• What this task involves: Only certain lines below are wanted: those starting at the line containing "Flocky ou Gribouille ? 🐰" and ending at the line containing "#devinette #jeu #balle", both included, each retyped exactly.

• Exercise input:

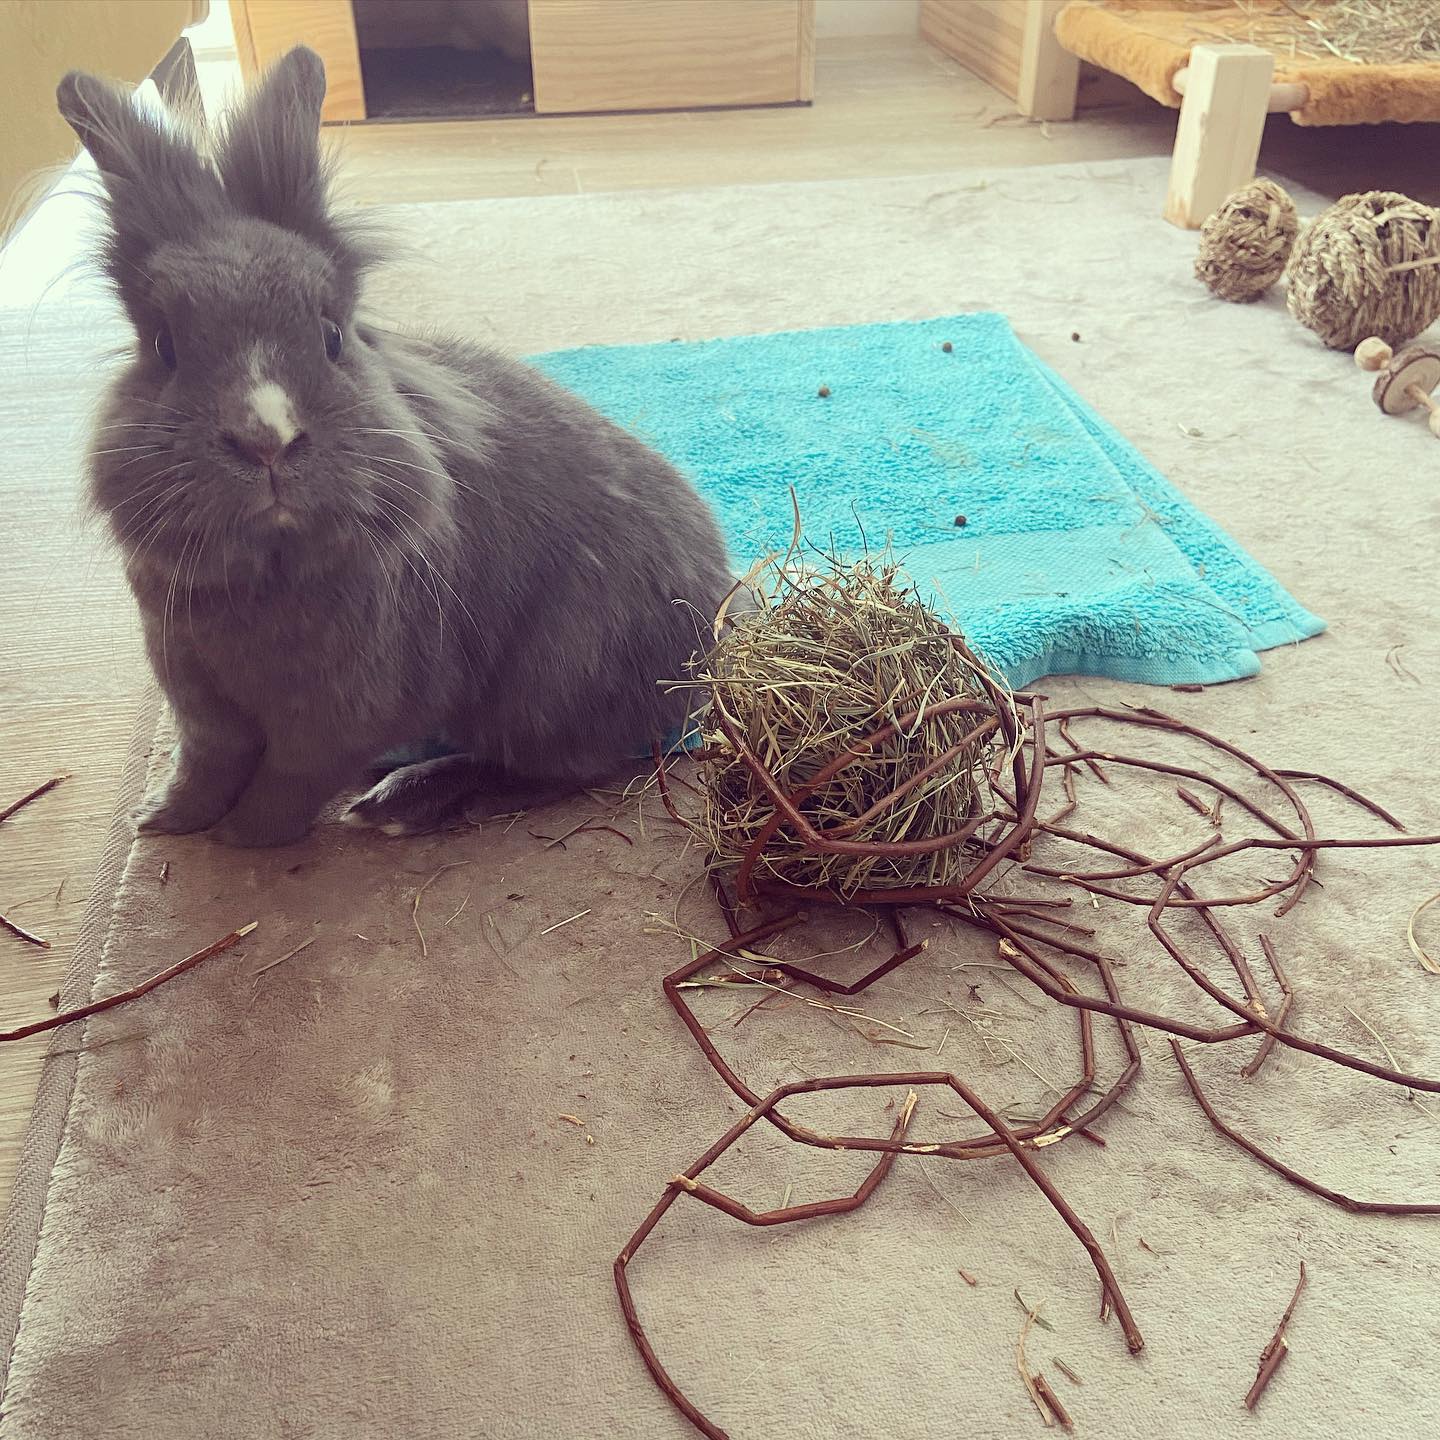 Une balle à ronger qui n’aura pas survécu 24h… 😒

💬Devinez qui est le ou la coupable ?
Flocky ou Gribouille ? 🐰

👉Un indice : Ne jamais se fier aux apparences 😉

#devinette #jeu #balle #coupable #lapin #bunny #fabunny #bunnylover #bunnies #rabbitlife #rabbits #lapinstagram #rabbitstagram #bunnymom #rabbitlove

--

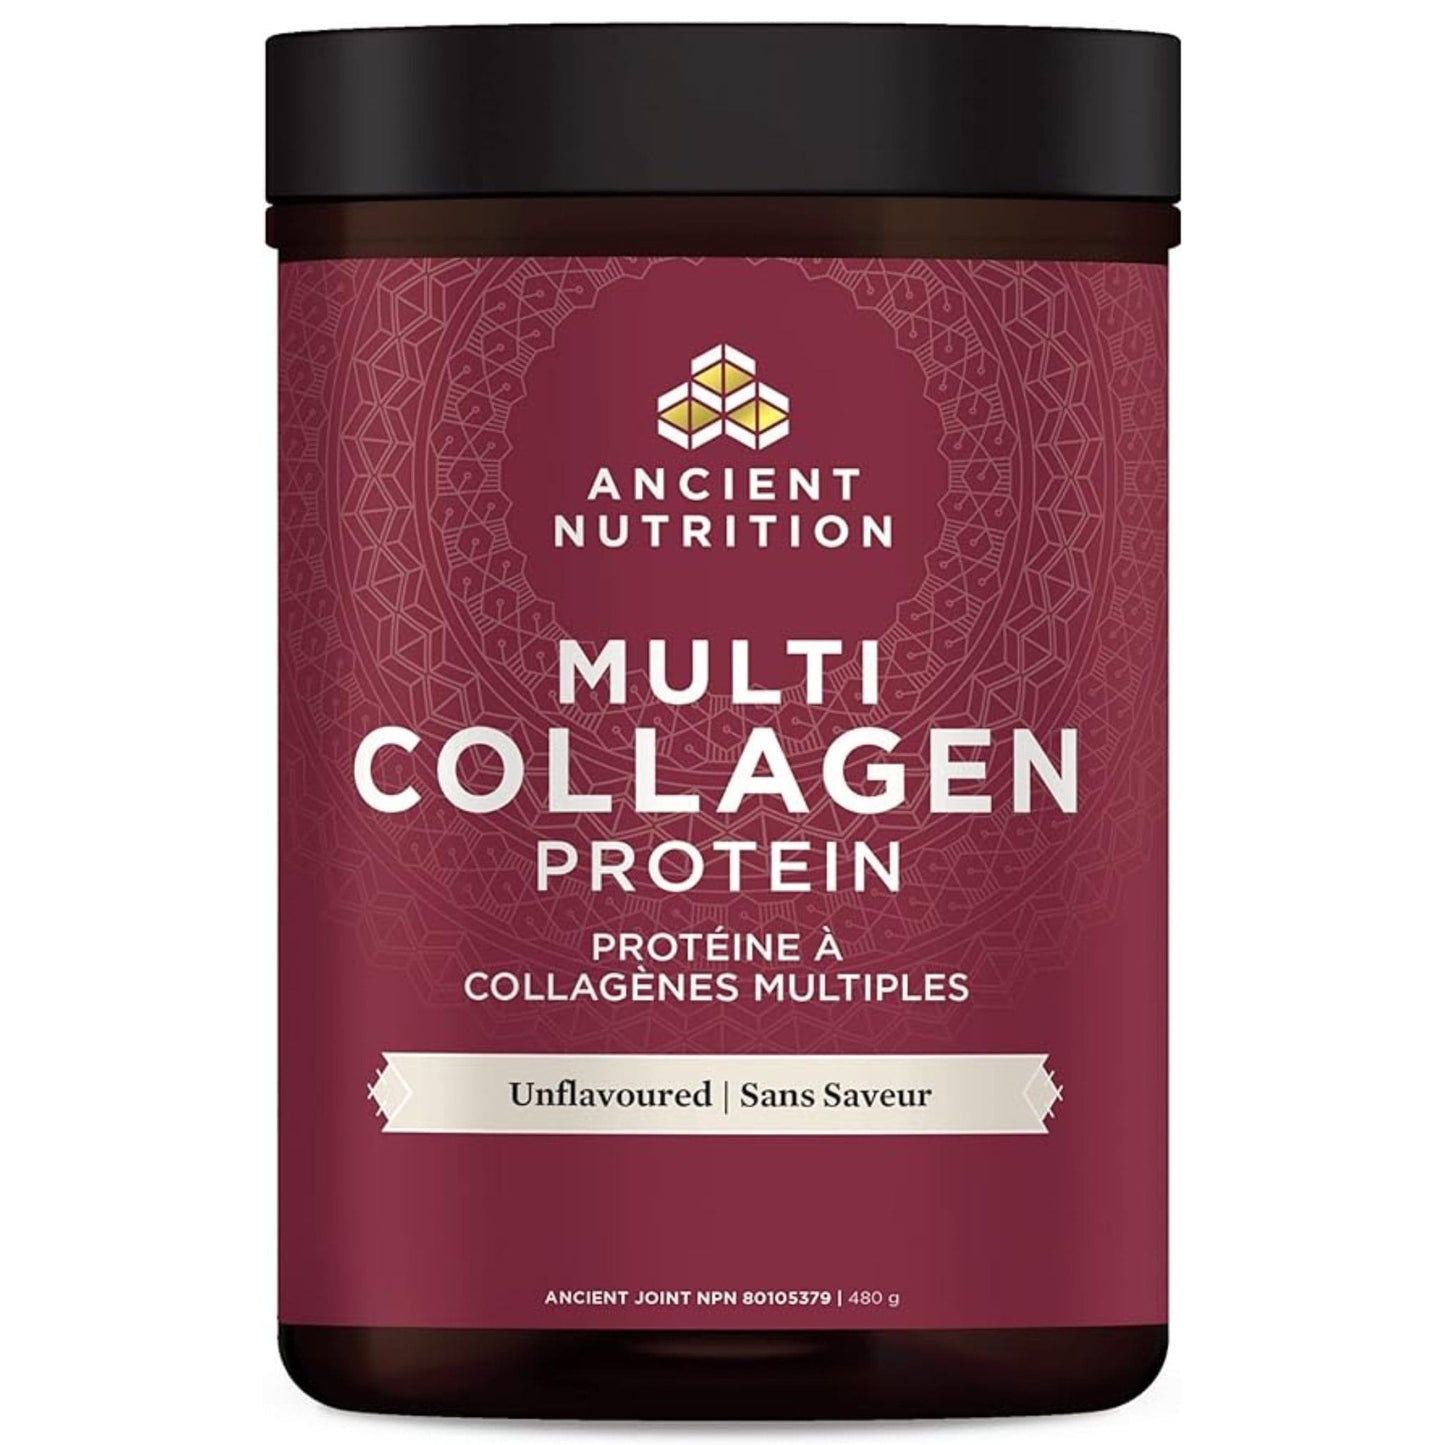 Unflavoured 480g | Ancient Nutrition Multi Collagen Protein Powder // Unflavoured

---

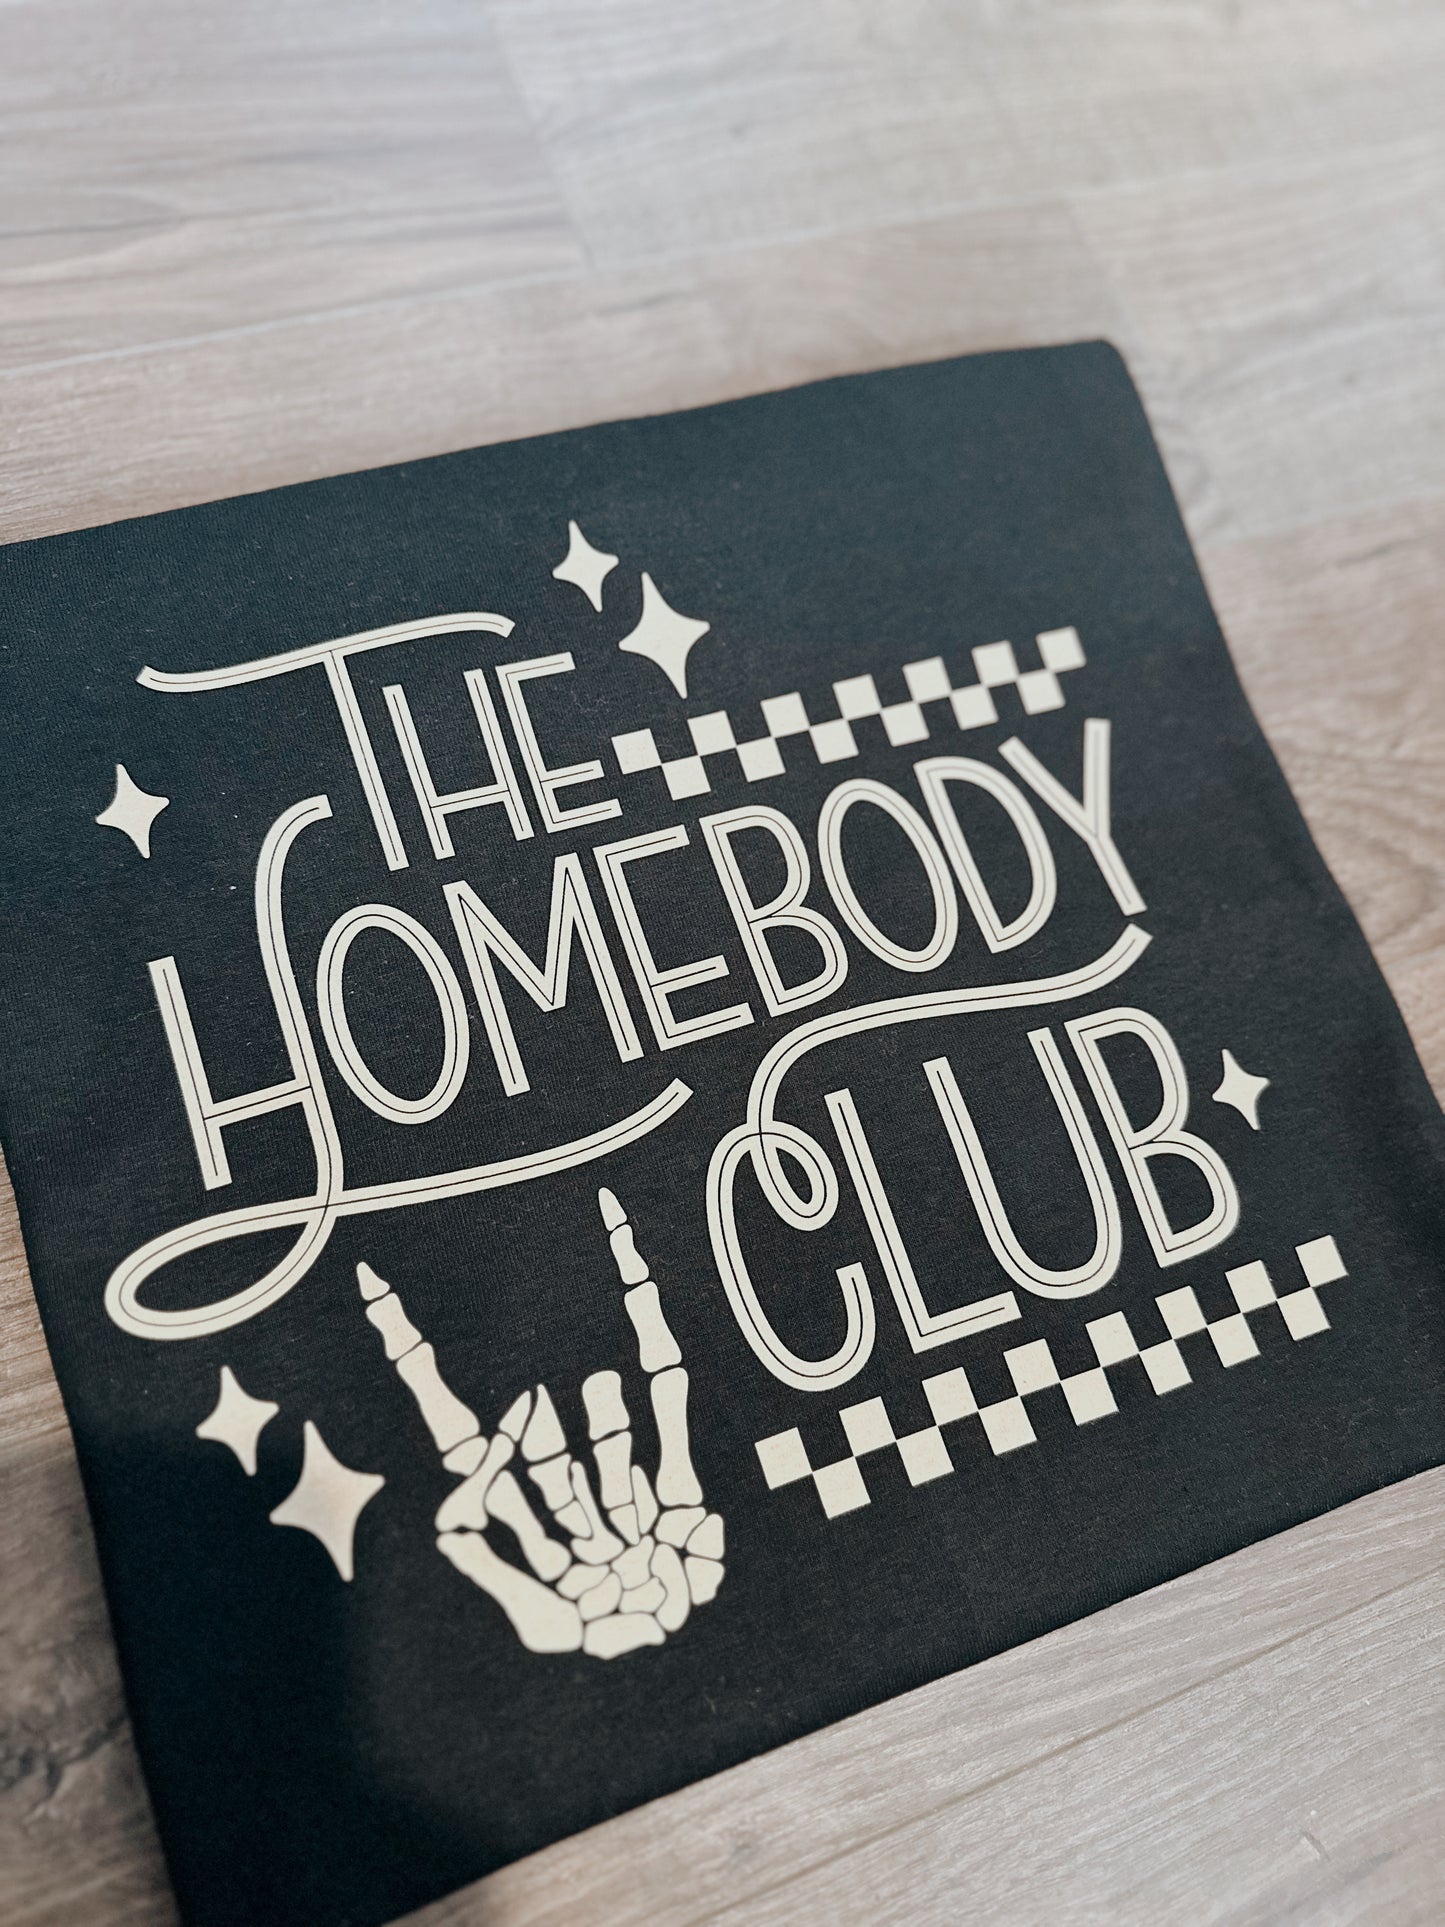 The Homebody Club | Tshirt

• Exercise answer:
Flocky ou Gribouille ? 🐰

👉Un indice : Ne jamais se fier aux apparences 😉

#devinette #jeu #balle #coupable #lapin #bunny #fabunny #bunnylover #bunnies #rabbitlife #rabbits #lapinstagram #rabbitstagram #bunnymom #rabbitlove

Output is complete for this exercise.